A avó esperava com toda a família na entrada da aldeia, ansiosa e inquieta, sem saber que tipo de crise seu neto enfrentaria no tribunal. Incapaz de ajudar, ela repetidamente rezava ao Buda, desejando que seu neto retornasse em segurança.

Quando uma nuvem de poeira surgiu ao longe, seu coração subiu à garganta, e ela implorou para não ser desapontada.

Era o neto que voltava. A avó, que tinha os olhos fechados, os abriu de repente. De fato, o cavalo que Yun Ye montava varria a terra como o vento, e as plantações nos campos pareciam cumprimentá-lo com ondas que subiam e desciam. A pequena irmã puxou a barra do vestido e correu para o irmão, sua risada clara como um sino.

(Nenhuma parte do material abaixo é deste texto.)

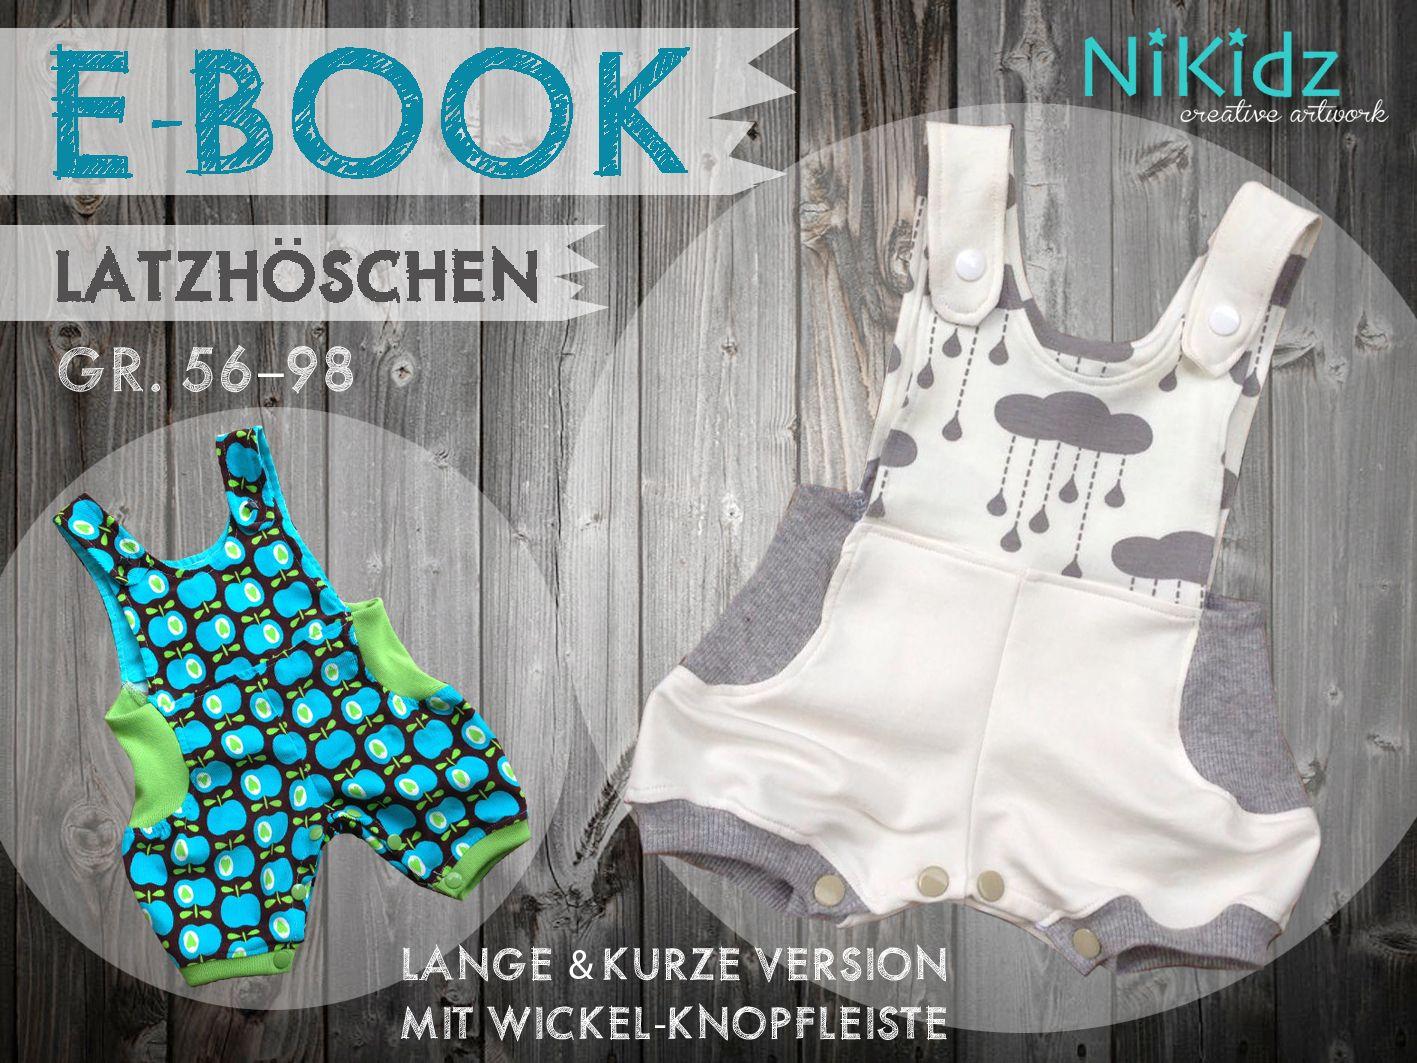 Ebook Latzhöschen | Nähen, Nähen für jungs und Babys

“Vovó, eu voltei,” disse Yun Ye, como se tivesse apenas saído para dar uma volta e agora cumprimentasse a avó, com leveza e naturalidade.

“Que bom que voltou, vá se lavar, está todo sujo como um macaco de lama,” respondeu a avó com um tom despreocupado.

A pequena irmã montava no pescoço do cavalo; as irmãs mais velhas, Da Ya e Xiao Xi, estavam sobre o dorso. Zhuang Santing e outros, vendo a alegria do marquês, rapidamente cederam os cavalos para as jovens da família. Eles caminharam juntos, rindo alegremente, até chegar em casa.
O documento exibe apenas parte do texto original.